La construcción del futuro como distopía suele estar vinculada a una valoración del pasado en clave positiva, una mirada retrospectiva de añoranza. Desde este punto de vista, los autores y, otras veces, los protagonistas, recuperan una ambigua actitud romántica que deambula entre el escapismo (la huida y la evasión necesarias, tan dramáticamente presentes en Un mundo feliz y THX 1138, Georges Lucas, 1971) y el compromiso activo y liberador (V de Vendetta, James McTeigue, 2005) que convierte al protagonista en héroe redentor.
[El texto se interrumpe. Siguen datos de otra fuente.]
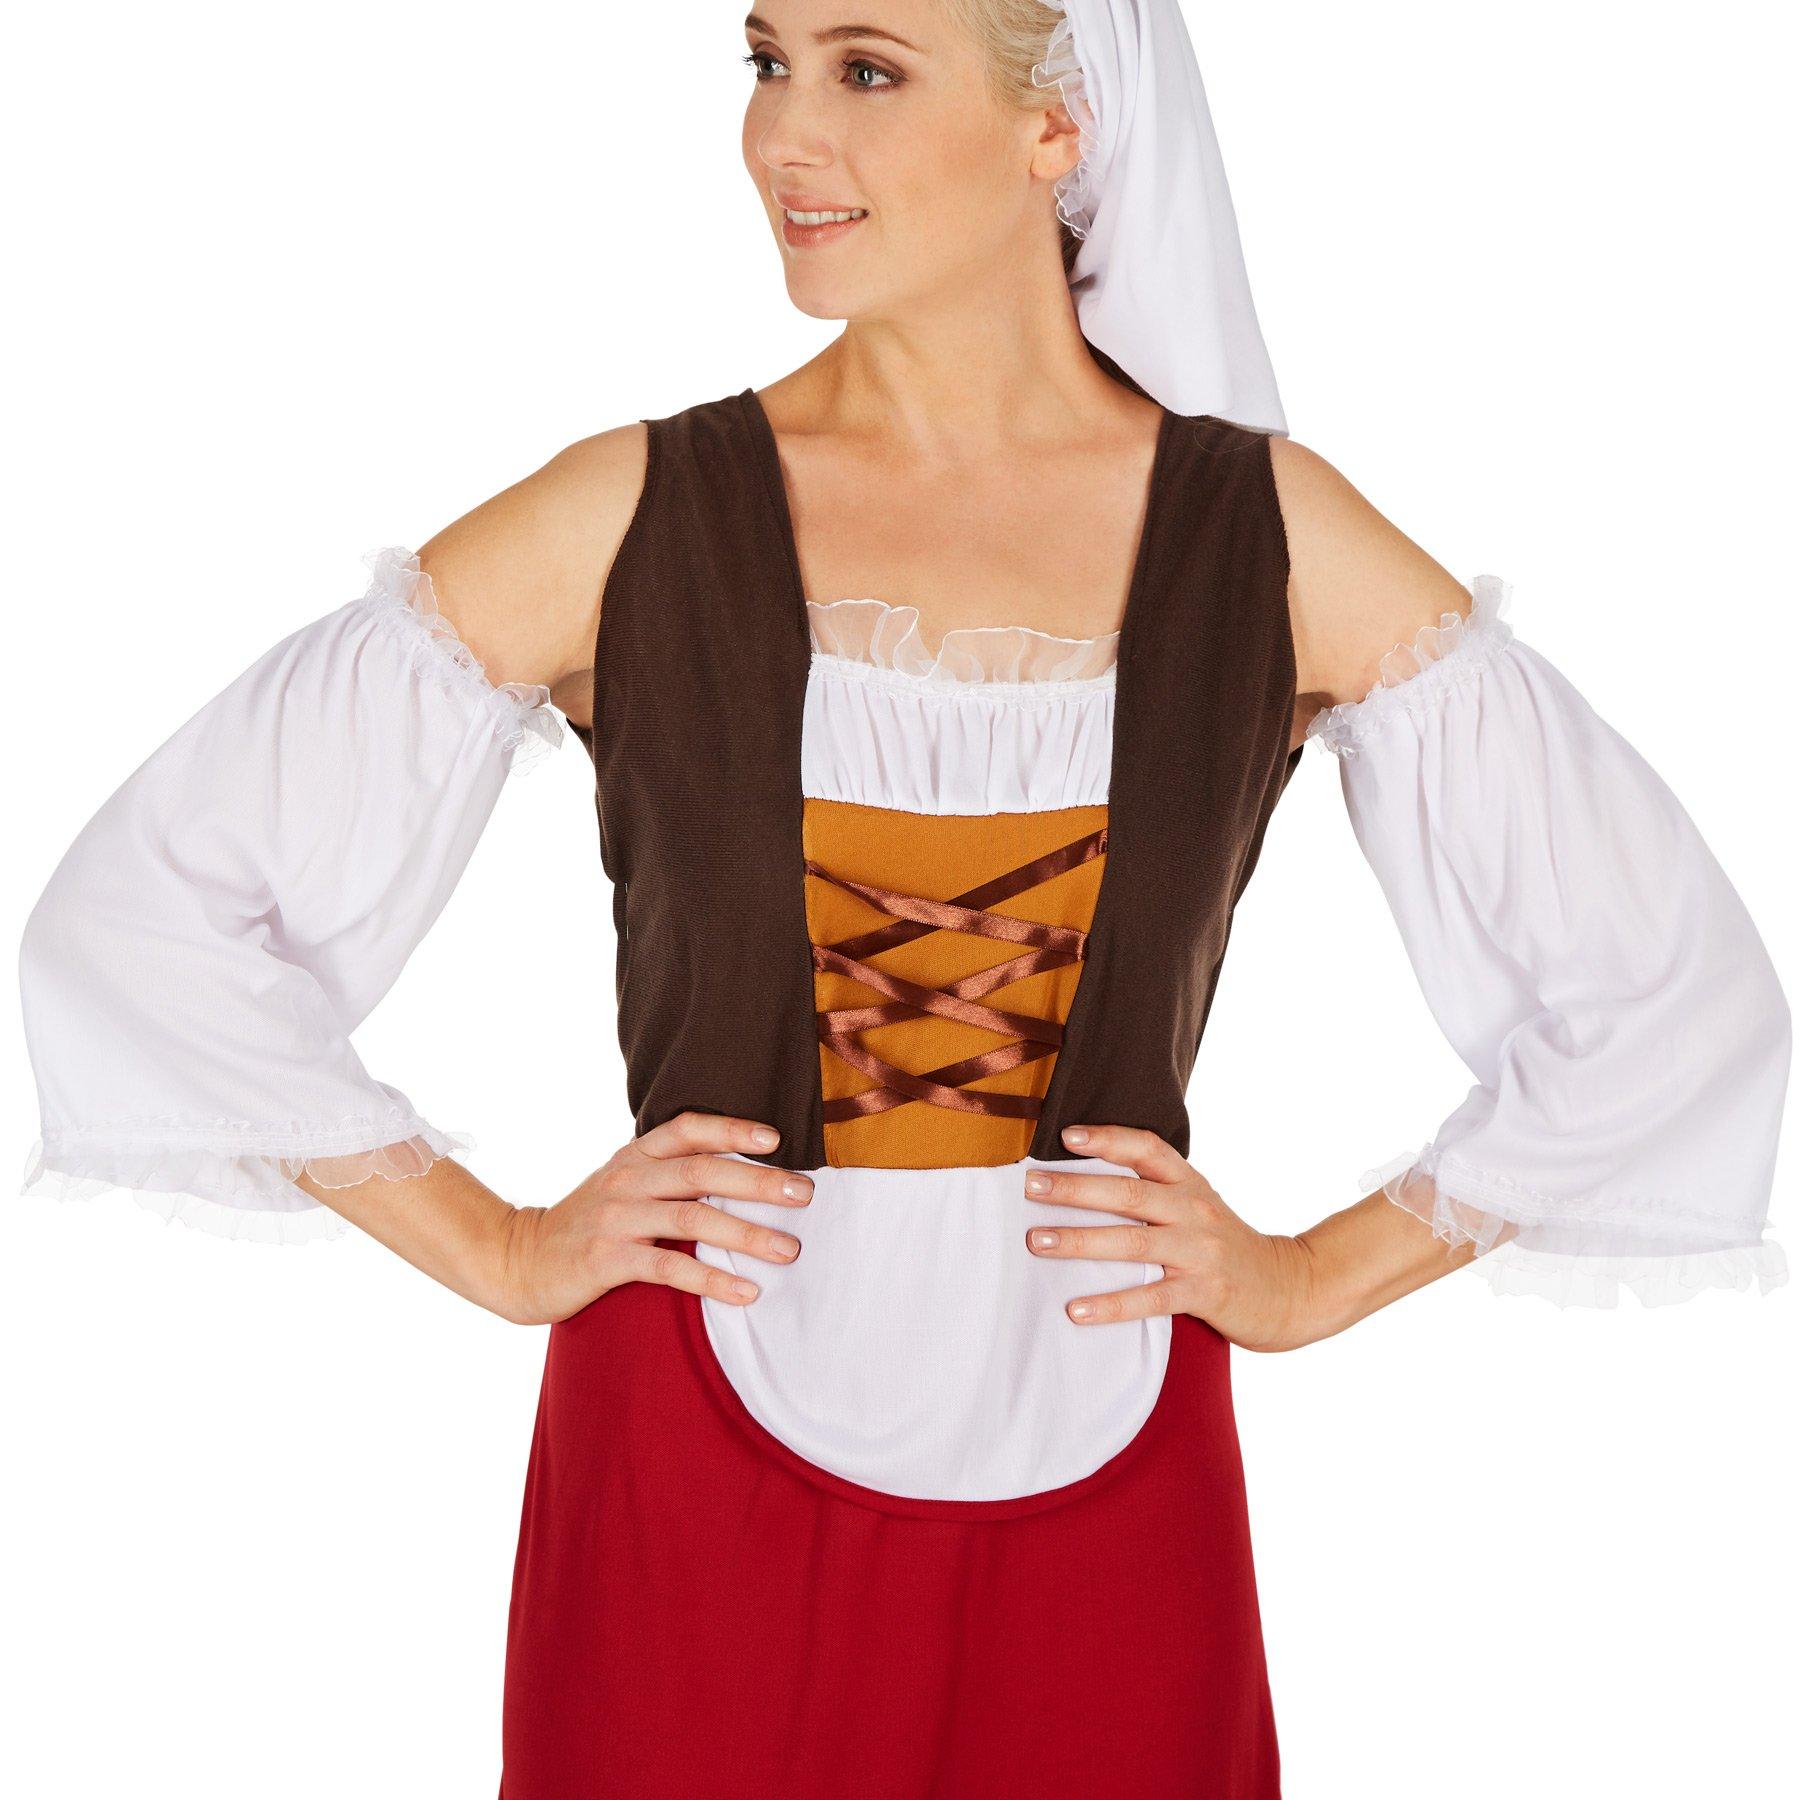 Tectake  Costume da donna - Serva medievale

Otro concepto básico en la distopía se encarna en el tríptico masa-individuo-vigilancia. En películas como Metrópolis o THX 1138 subyace la alienación individual y la disolución en la masa uniformada. Cualquier intento de distinción tropieza, de inmediato, con la represión oficial, fruto de la vigilancia. La jerarquía y la estratificación son pilares evidentes en las sociedades distópicas. El poder ejerce su tiranía basada en un control total, omnipresente y omnisciente. Esto sucede en el ejemplo clásico de 1984 (George Orwell, 1948), definición paradigmática del Gran Hermano, cuyos rasgos esenciales encuentran serios precedentes inmediatos en Metrópolis (1927) y Tiempos modernos (Charles Chaplin, 1936).
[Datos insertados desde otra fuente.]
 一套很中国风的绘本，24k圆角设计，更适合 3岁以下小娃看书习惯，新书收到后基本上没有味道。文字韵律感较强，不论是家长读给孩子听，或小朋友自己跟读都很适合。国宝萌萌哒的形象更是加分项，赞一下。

El autoritarismo no puede, a su vez, consumarse sin un férreo control sobre la cultura y los medios de comunicación. Las sucesivas dictaduras del pasado siglo XX (que en el campo literario encuentran dos brillantes caricaturas de la mano de Orwell y García Márquez, con Rebelión en la granja y El otoño del patriarca, respectivamente) dieron fe de ello, convirtiendo la censura y la manipulación informativa en una máxima de incalculable valor. En 1984, el control de la Historia, la reescritura de los acontecimientos, la conversión interesada del amigo en enemigo y viceversa, ponen de manifiesto no sólo la existencia de una sociedad desorientada, sino también la aniquilación de cualquier actitud crítica, de cualquier voz disidente, de cualquier documento comprometido.
En la historiografía tradicional se acepta el nacimiento de la historia con los primeros vestigios de documentos escritos. La escritura pone fin a la prehistoria y marca el nuevo rumbo. Cuando, en Fahrenheit 451 (François Truffaut, 1966, sobre la novela que Ray Bradbury publica en 1953), se procede a la quema masiva de libros, no se está quemando literatura... Se está destruyendo la Historia. De ahí que la huida, el refugio rousseauniano en la naturaleza primitiva, en la película de Truffaut y en V de Vendetta desempeñen un rol salvador, un último archivo, el último reducto del saber. La figura del intelectual, en la obra distópica, constituye un desequilibrio, una amenaza para la perdurabilidad del edificio oficial. La satanización del saber, retratada en Frankenstein, Metrópolis y El gabinete del doctor Caligari (Robert Wiene, 1919) es un paso más en la construcción de cegueras masivas y tiranías absolutistas. La distopía, por desgracia, ha transitado de lo verosímil a lo real.
[1] Séguéla, Jacques. Hollywood lava más blanco. Barcelona, BBB (Barcelona Business Books), 1991, pág. 17.